# Cycling over Golden Gate both ways



## AndreyT (Dec 1, 2011)

I have never tried to ride a bicycle over Golden Gate bridge and I want to try it over the weekend. However, every guide on the Net dedicated to this matter says "ride to Sausalito, take the ferry back". Why the ferrry? What if I don't want to take the ferry? What if I want to ride over the bridge both ways? Is it somehow prohibited? Is the path on the bicycle side of the bridge one-way or two-ways?


----------



## sasquatch16 (Feb 7, 2013)

I was there last year and rode both ways. I think most tourists that rent bikes probably do not want to ride any further than one way. The climb back from Sausalito is pretty steep for someone that does not ride much. Saw a lot of people walking.


----------



## AlphaDogCycling (Sep 18, 2011)

Just realize that the way back you will have to avoid clueless tourists taking selfies with their kids. I do the out and back on the bridge almost every Saturday. Just be vigilant, and you'll be fine 


Sent from my iPhone using Tapatalk


----------



## AndreyT (Dec 1, 2011)

Thank you for the replies. I rode it both ways this Sunday. 

On my way back (around 1PM) at the north end of the bridge I passed by what appeared to be a fairly serious accident scene involving a cyclist. The person was laying on the ground tended to by an emergency crew. A bicycle laying nearby (which I presumed belonged to that cyclist) was a "serious" road bicycle, not a rental. Have no idea what happened, since there appeared to be no other bicycles involved into the accident.


----------



## singlespeed.org (Feb 14, 2006)

I do regularly ride both ways. Glad it worked out for you.

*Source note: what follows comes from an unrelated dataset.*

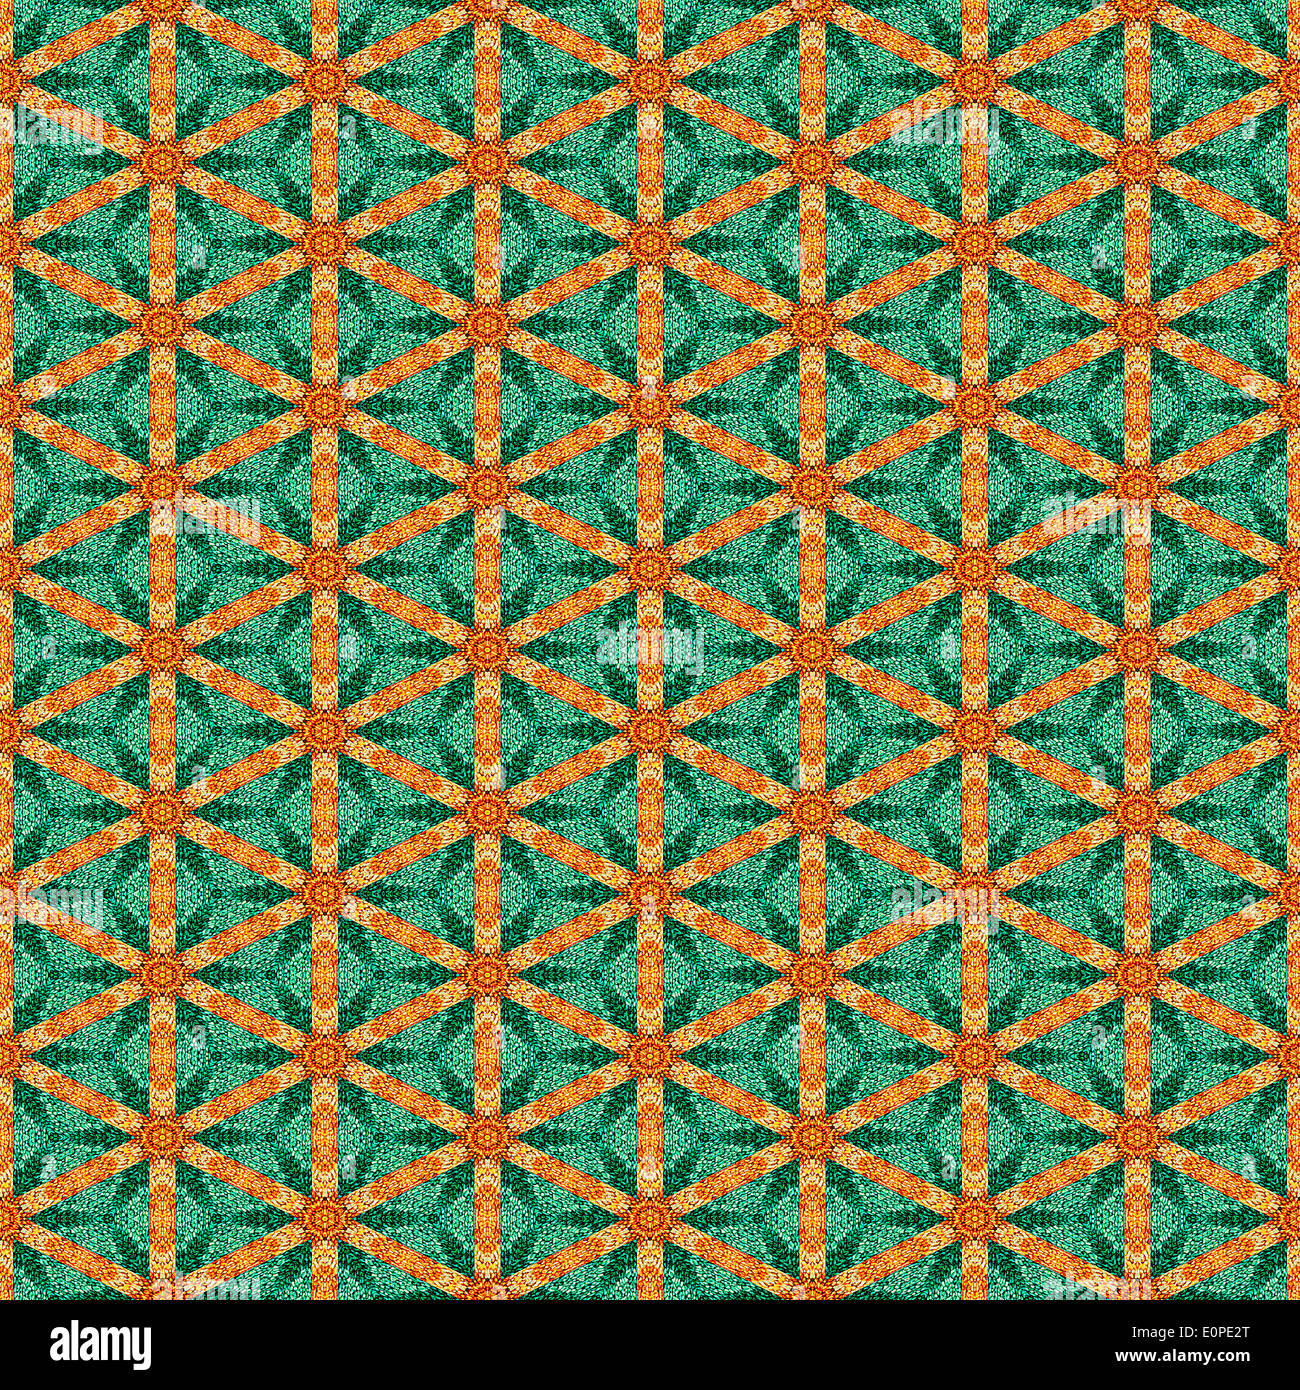 Seamless repetitive carpet pattern Stock Photo

I reduce the amount I ride it in summers and on holidays. The crowds get a little too much for me. I am more likely to ride it during week and try to time my crossings for the afternoons when the west deck opens up (on weekdays before 3:30 pm, bikes hare the east deck with pedestrians). Seems less crowded that way.

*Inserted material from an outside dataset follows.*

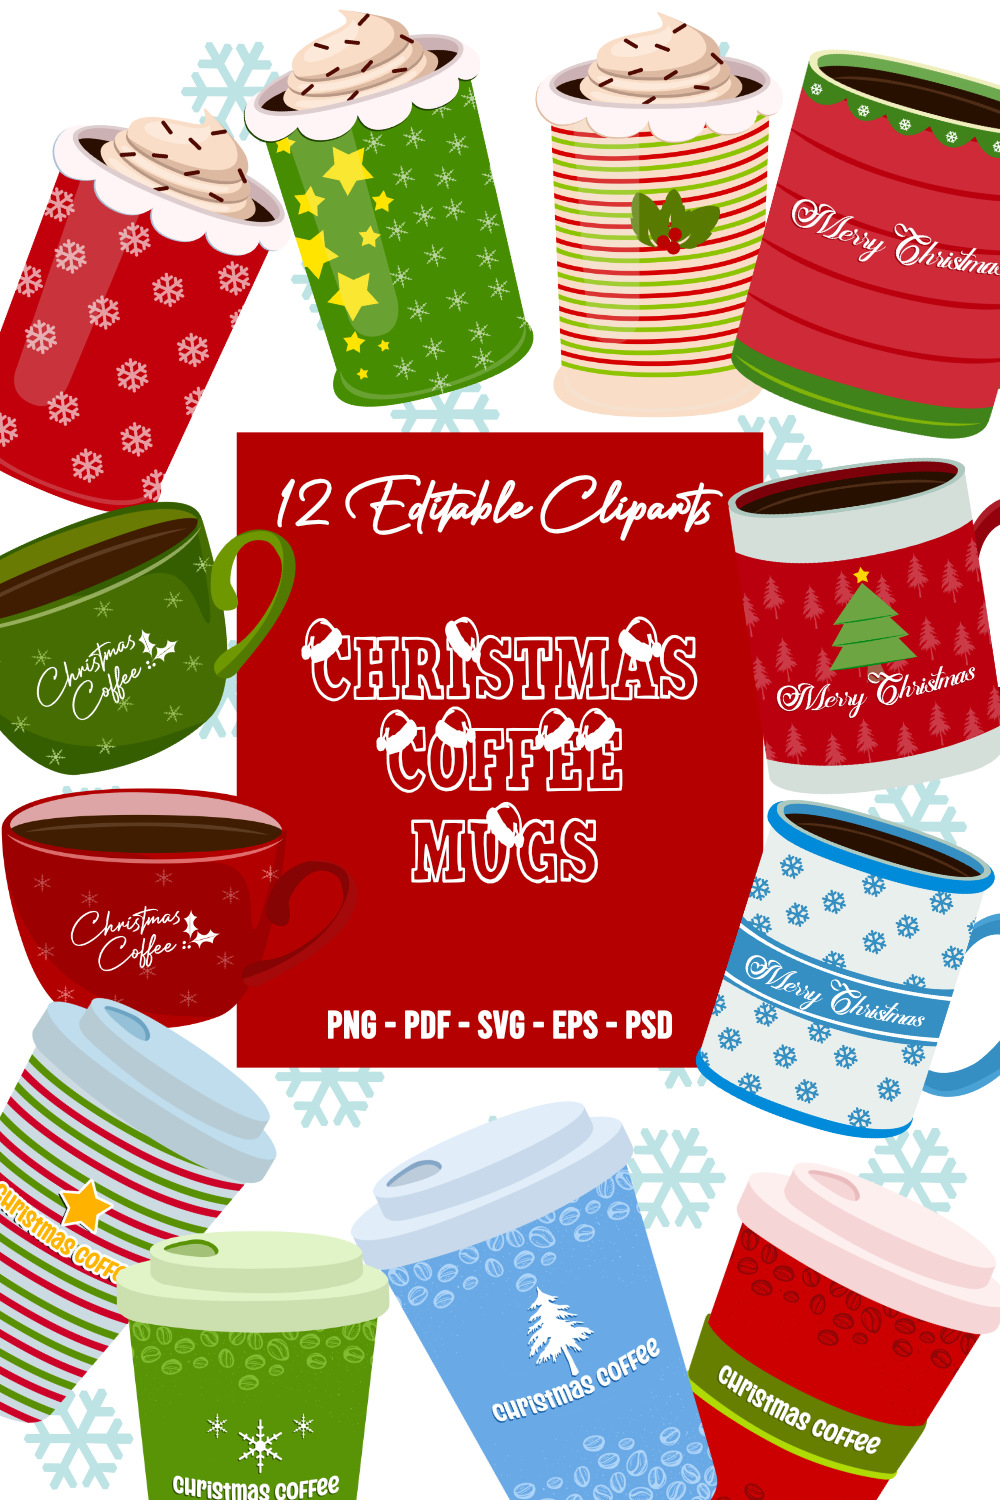 Coloured Christmas Coffee Mugs Designs Pinterest image.

There was a stat put out by the bridge district about bike accidents on the bridge a while back that showed that most of them are not rental bikes, but what I would call enthusiasts. Speed is a major difference - the rentals are going slower and looking at the sights (and not necessarily the road) - the slower speed means if they do have a fall, it isn't as painful. Enthusiasts may be paying more attention and be better skilled, but when they do go down for whatever reason (inattentive tourist, slippery metal deck, etc.) it is at a faster speed so more damaging.


----------